Nick—my best friend—had a class opposed to the Allfather, my patron.
It wasn’t a huge jump to assume that Ellison’s objective was equally contentious.
They were finding ways to get at me where I lived.
“Roderick’s guys, a bunch of them are law-enforcement, right? Or ex-law enforcement.” I asked.
“Uh, yeah. What, did you sniff that out of the air?” Kinsley sounded confused.
“Their boots—it doesn’t matter. Grab one of the still-injured guys that won’t be able to fight, but looks like he has his shit together otherwise,” I hesitated. Everything in me screamed that this was wrong, that family was supposed to be the one exception to my paranoia.
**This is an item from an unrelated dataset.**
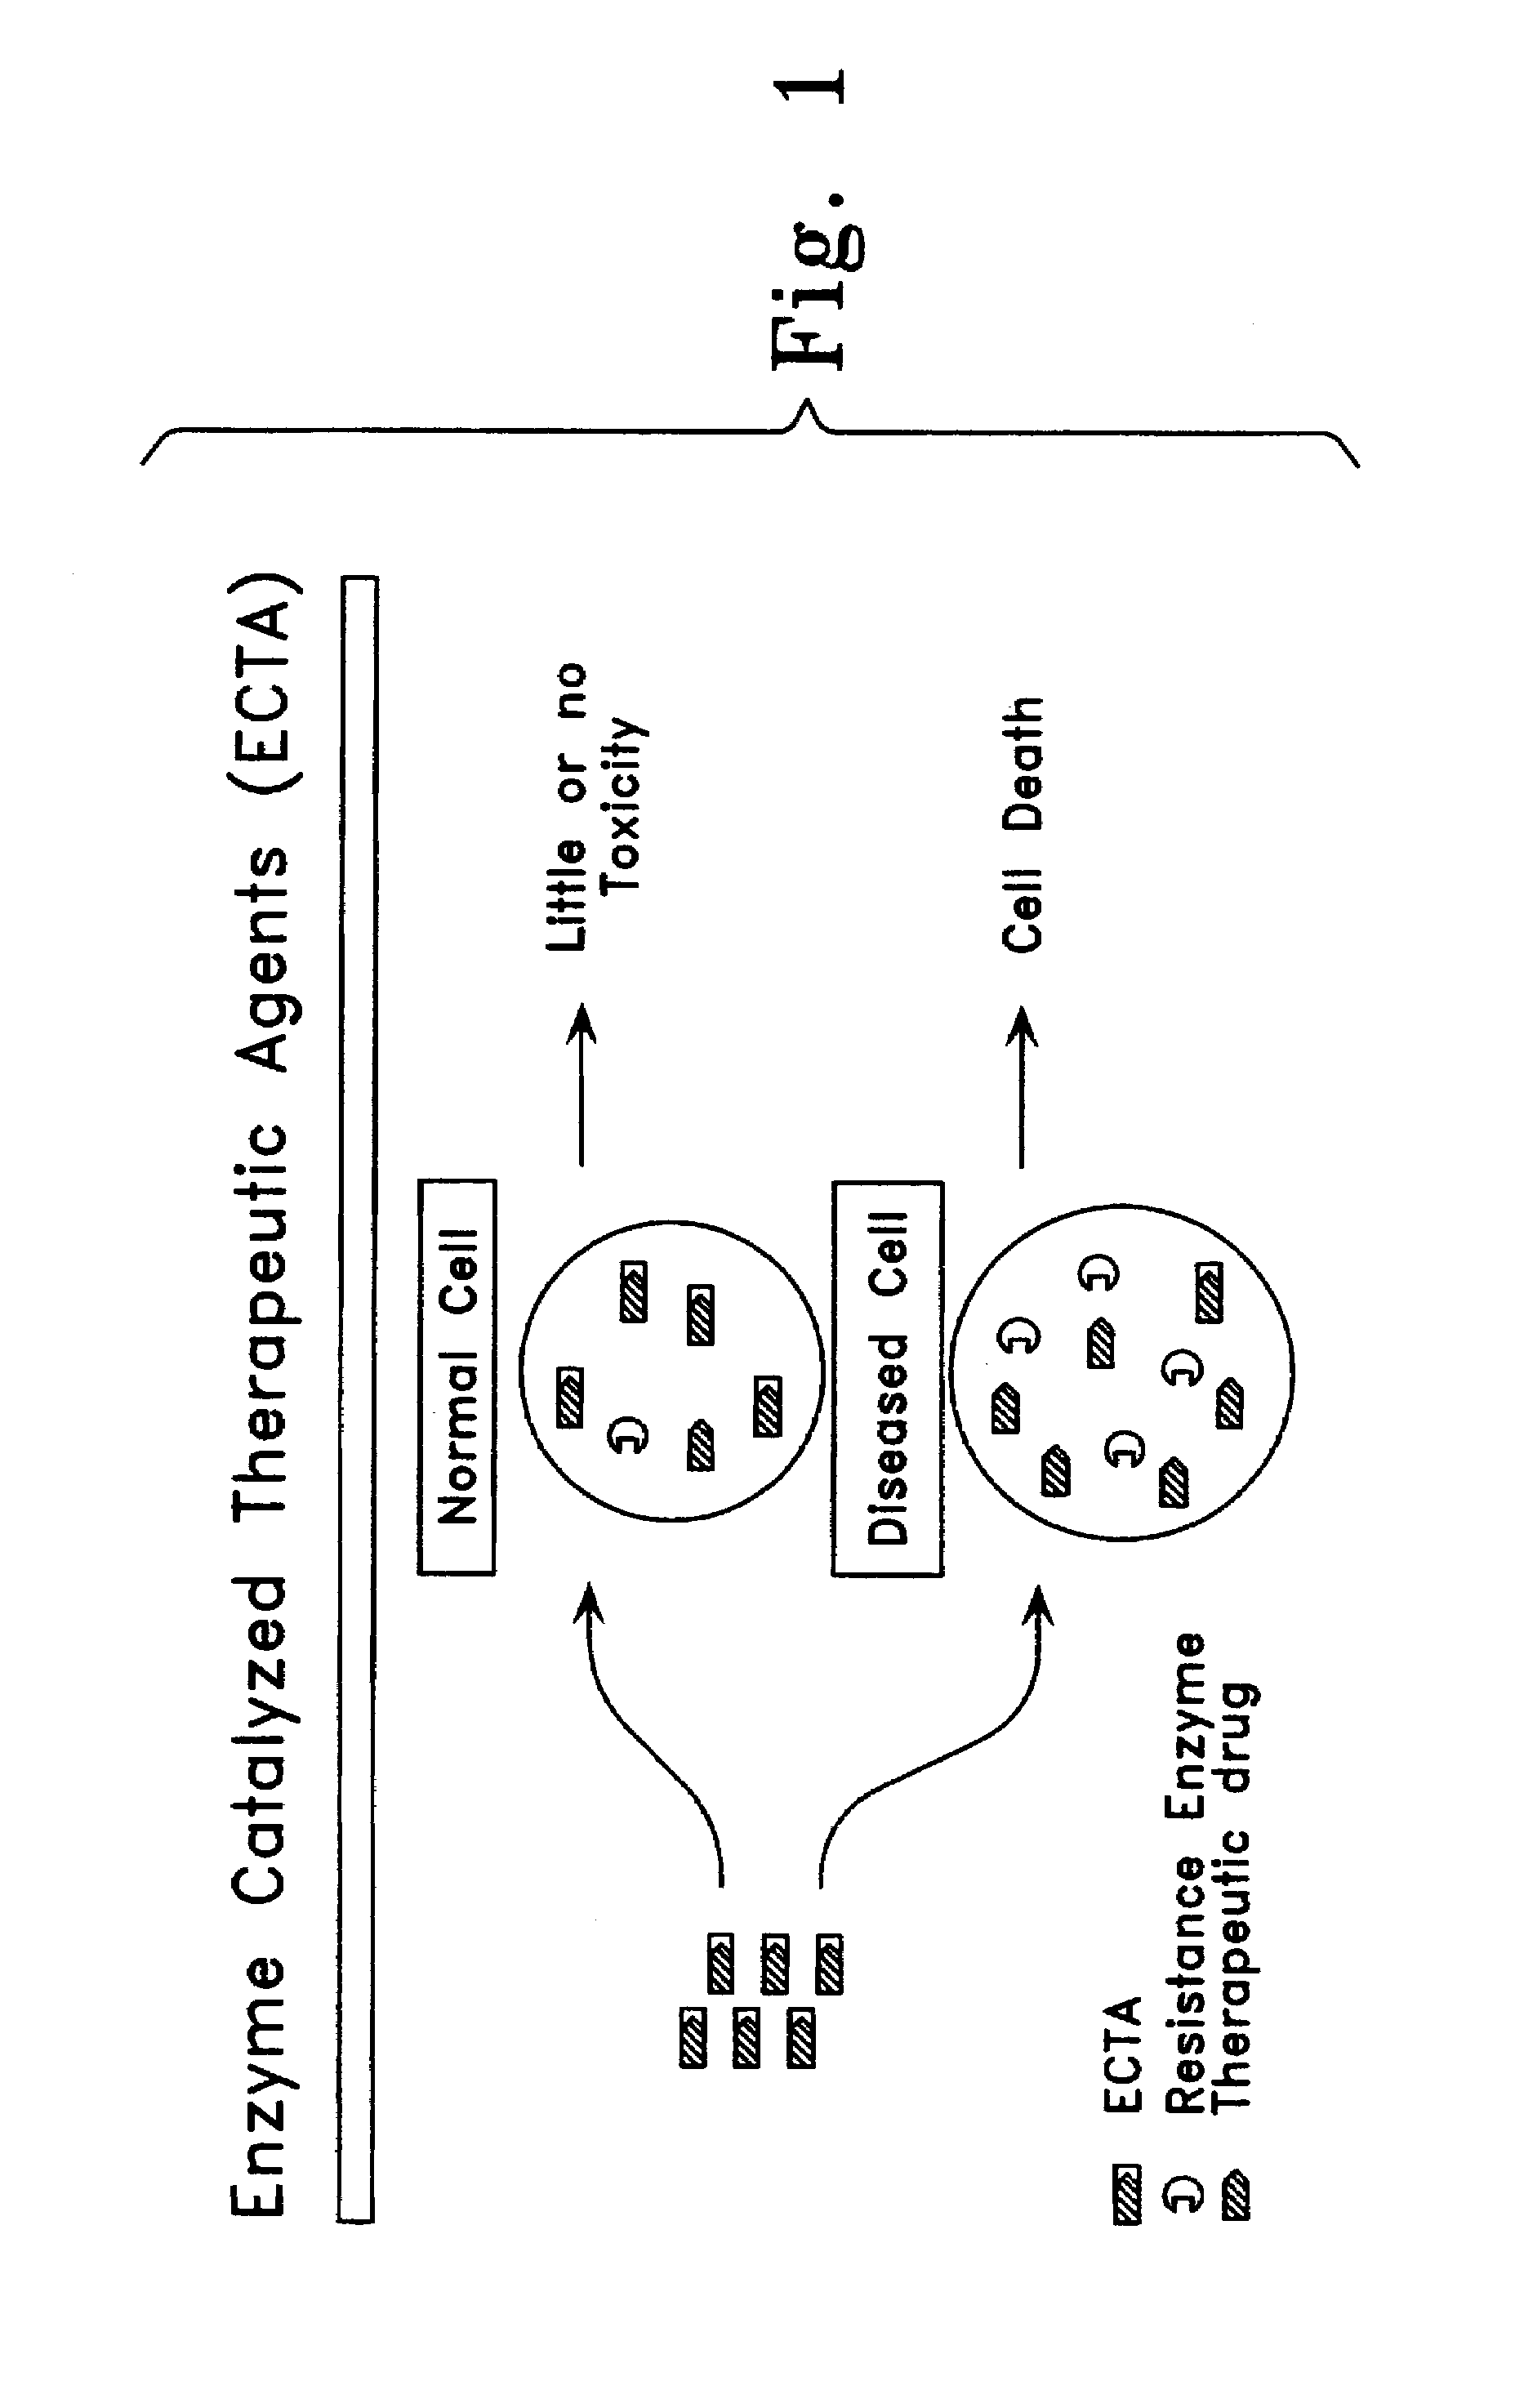 Methods for treating therapy-resistant tumors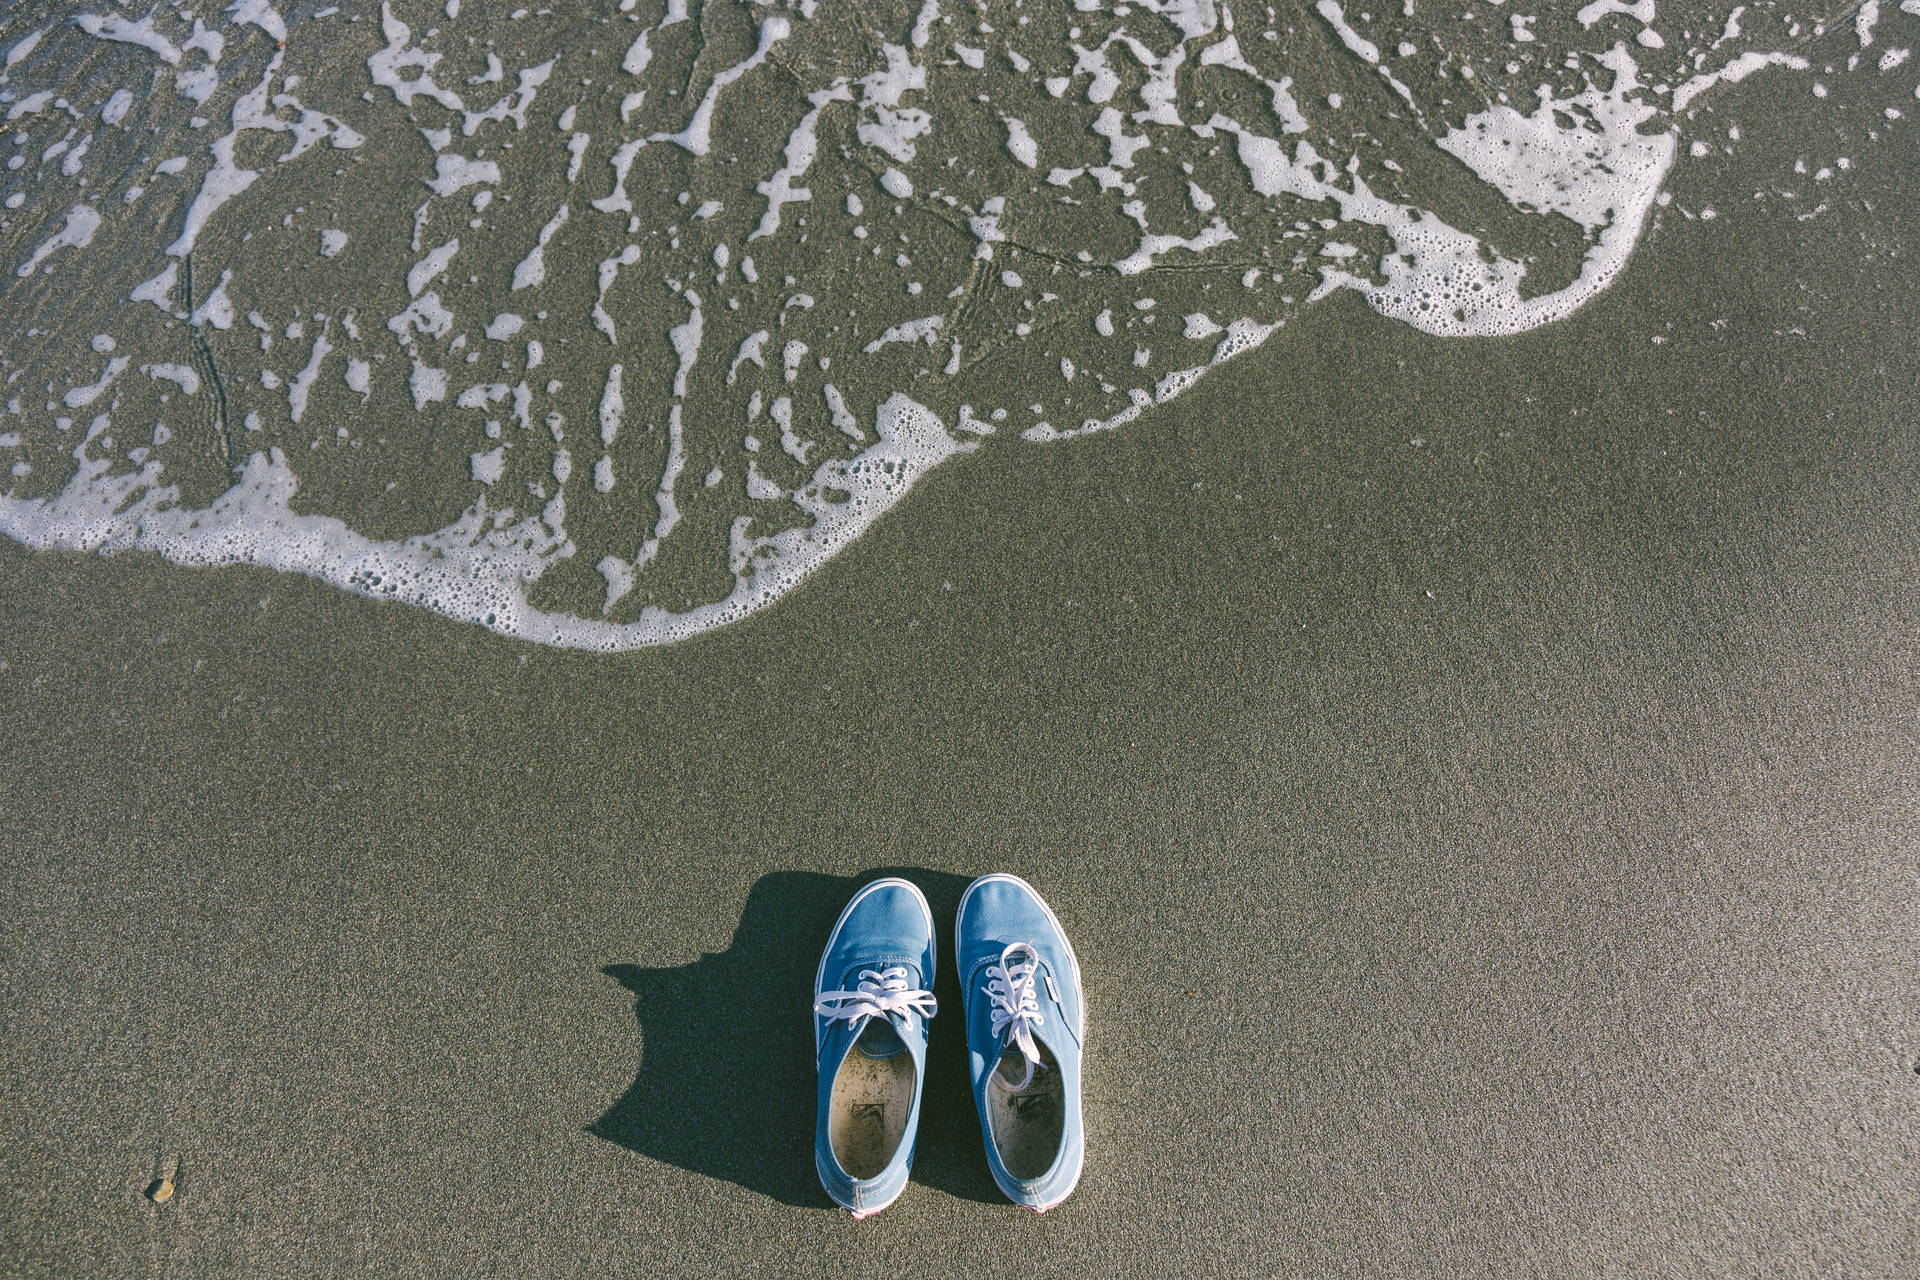 Blue Shoes By The Beach Wallpaper

That I was crossing a line I couldn’t come back from. “You want someone who doesn’t look too stoic, but is relatively calm and still socializing with others.”
“To do what?” Kinsley asked.
“Have him watch Ellison. Hands off observation only, no interference if he tries to leave. And tell him to be careful. My brother is nowhere near as blasé as he acts. He’s as much of a pain in the ass as I am, if not more-so.”
“You want me to put a tail on your brother?” She sounded as shocked as I felt.
“Yeah. That’s where we’re at.”
“Fuck. Fine. But I want that explanation sooner rather than—do you hear something?”
The sound of a screaming engine caught my ears. An olive-painted Hummer was hurtling towards the barricade, leaving a long line of smoke behind it. I withdrew my mask from my inventory, my body tensing. Then, I relaxed somewhat when someone manning the barricade called out and began to move the barricade aside as Roderick, as well as a few of his men, came pouring out of the crackhouse.
“Incoming. Green Hummer in a bad-state. You know it?” I murmured.
“Just one?” Kinsley asked, horrified.
“Yes.”
“There were five when they left. That’s what’s left of Roderick’s Lodge.”